## Work request
The output should contain the listing word for word and no pictures.

━━━━━ Given data ━━━━━

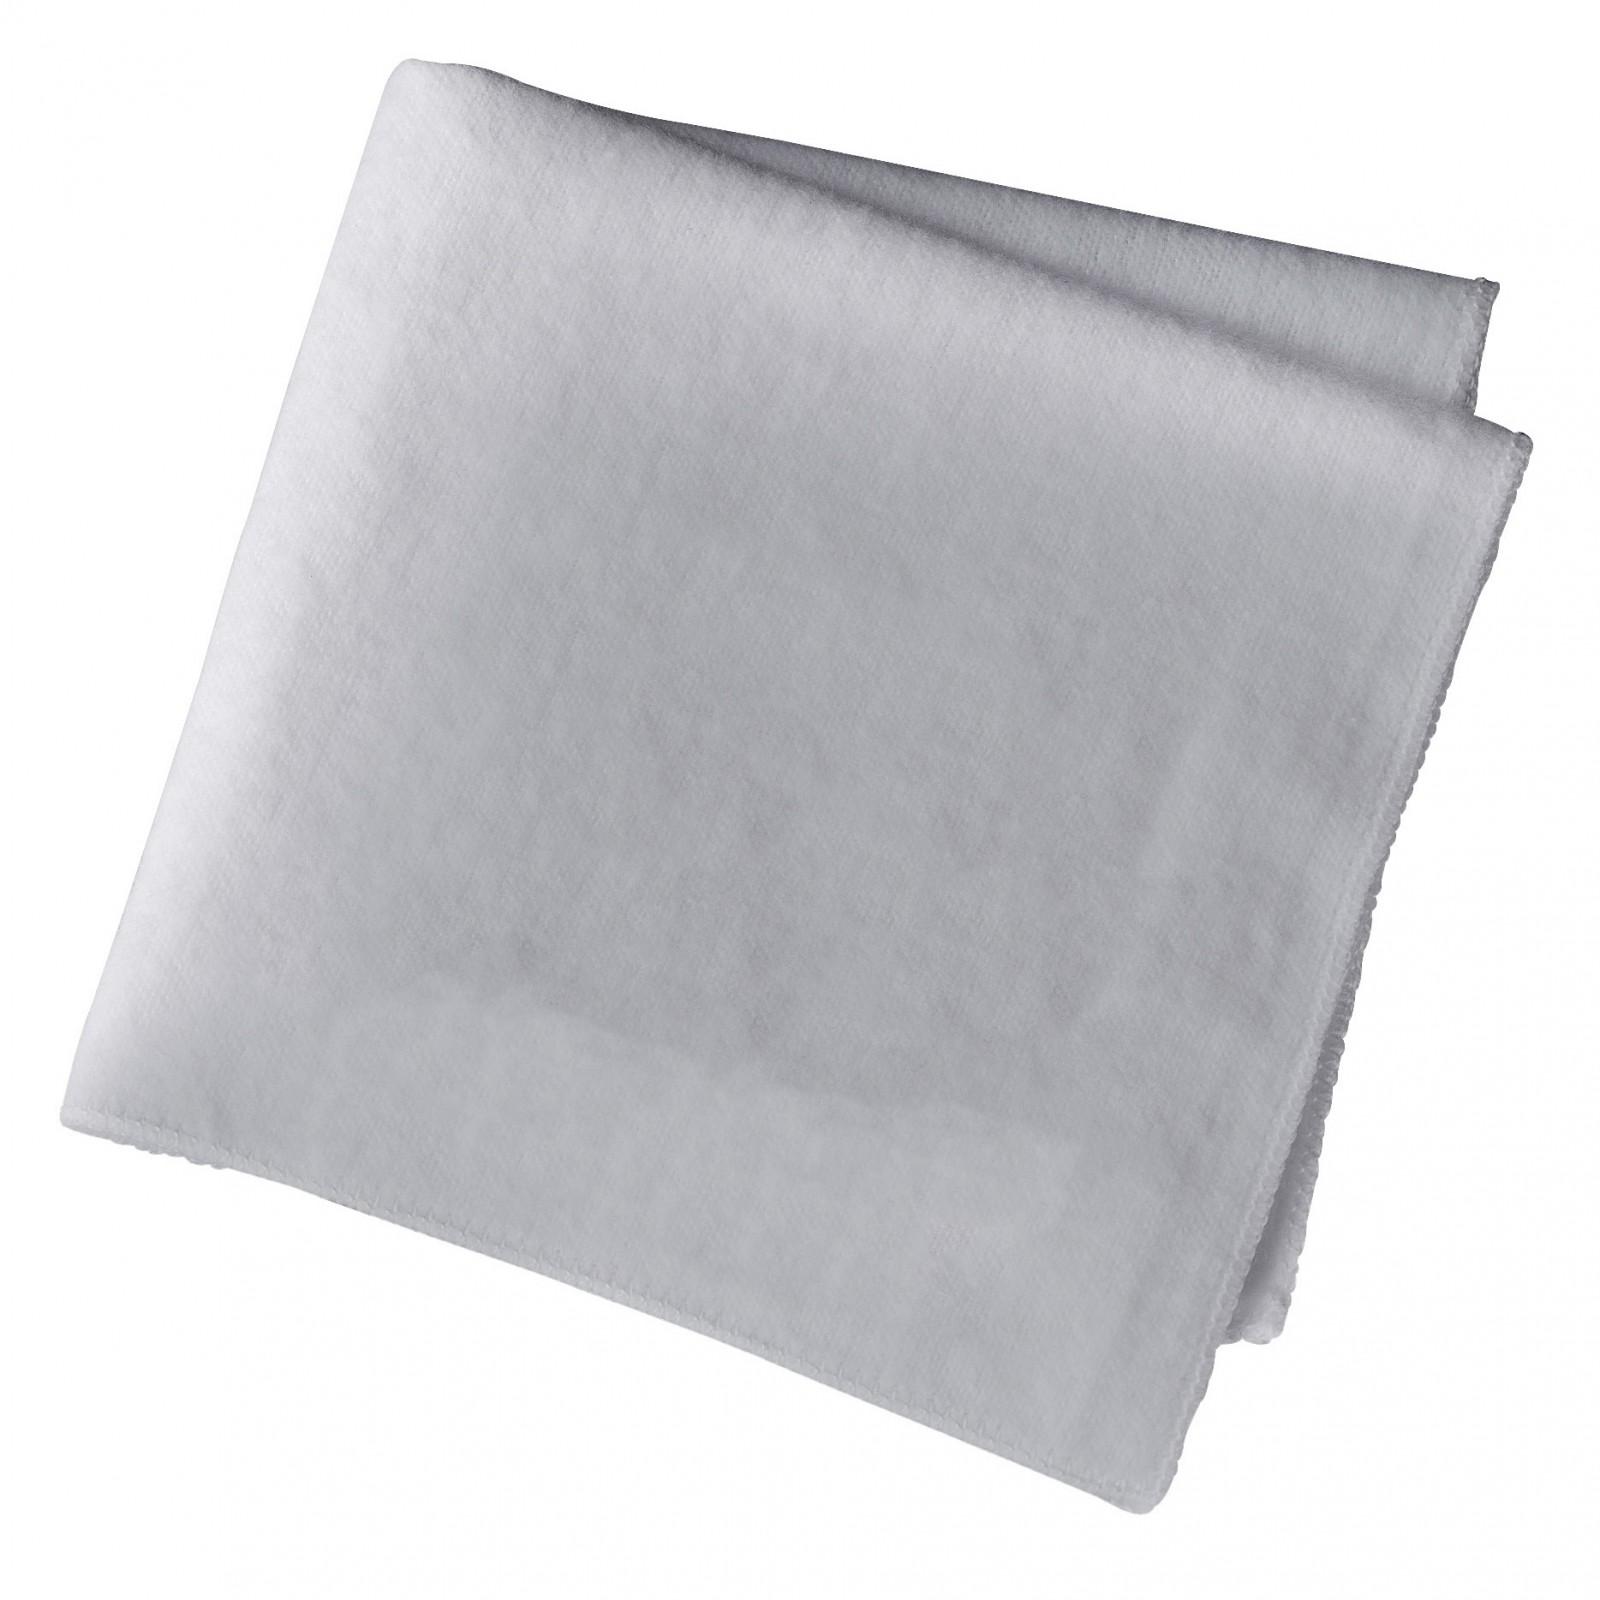 My Bag Polishing & Applicator Cloth
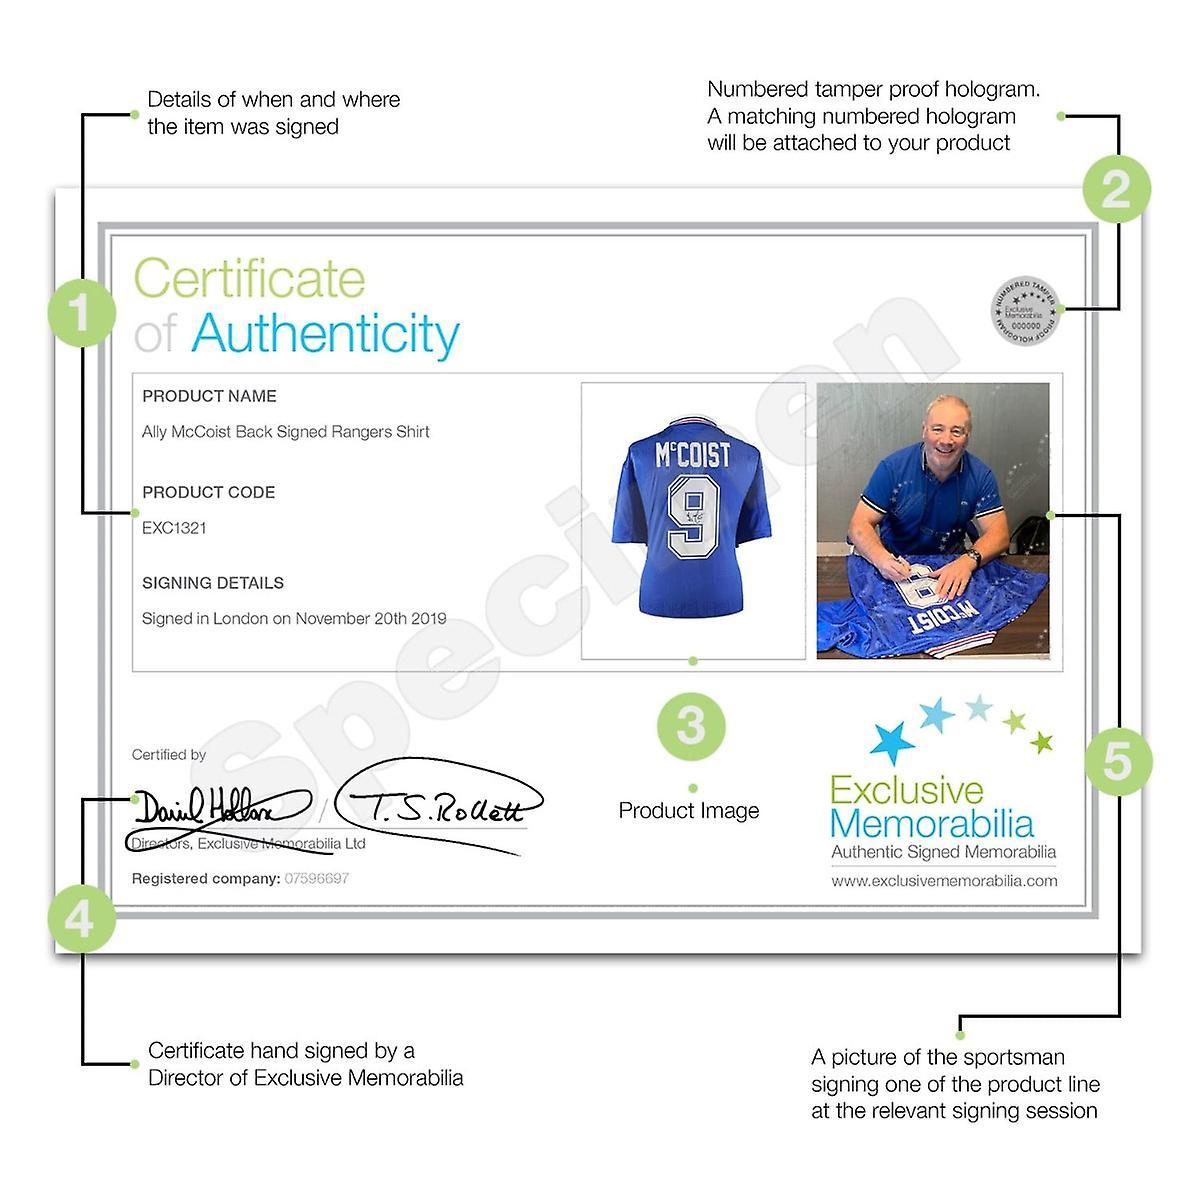 Ally McCoist Back Signed Rangers Shirt In Gift Box
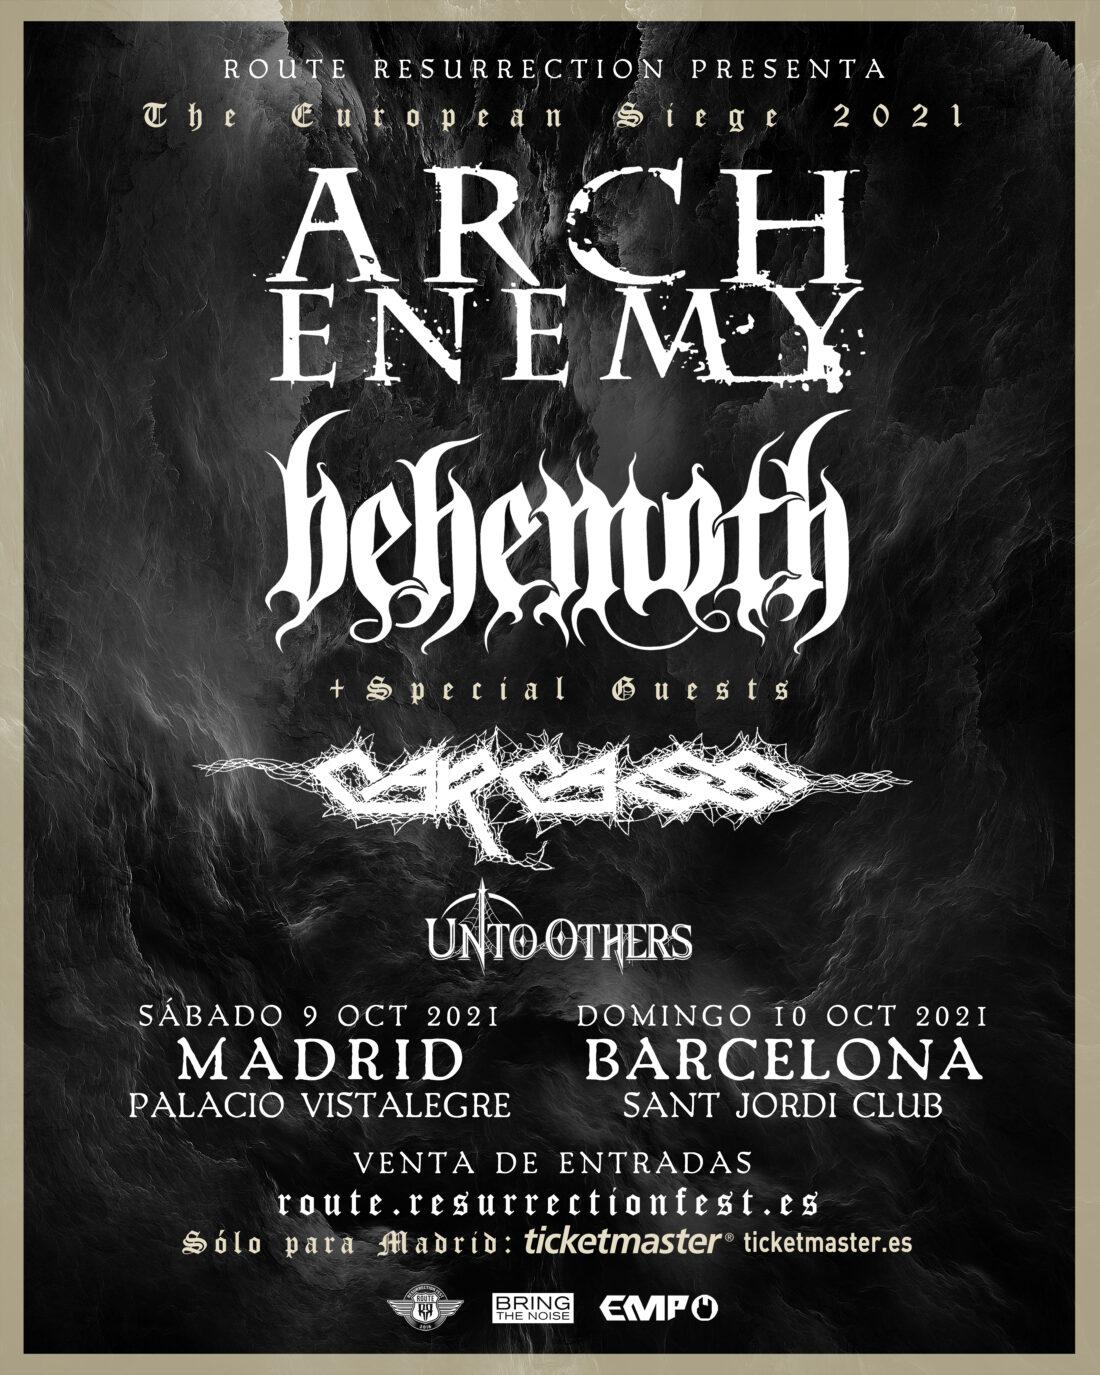 La gira definitiva de metal extremo de Route Resurrection traerá a Arch Enemy y Behemoth como cabezas de cartel y los legendarios Carcass como invitados especiales

━━━━━

## Answer below
 My Bag Polishing & Applicator Cloth
 Ally McCoist Back Signed Rangers Shirt In Gift Box
 La gira definitiva de metal extremo de Route Resurrection traerá a Arch Enemy y Behemoth como cabezas de cartel y los legendarios Carcass como invitados especiales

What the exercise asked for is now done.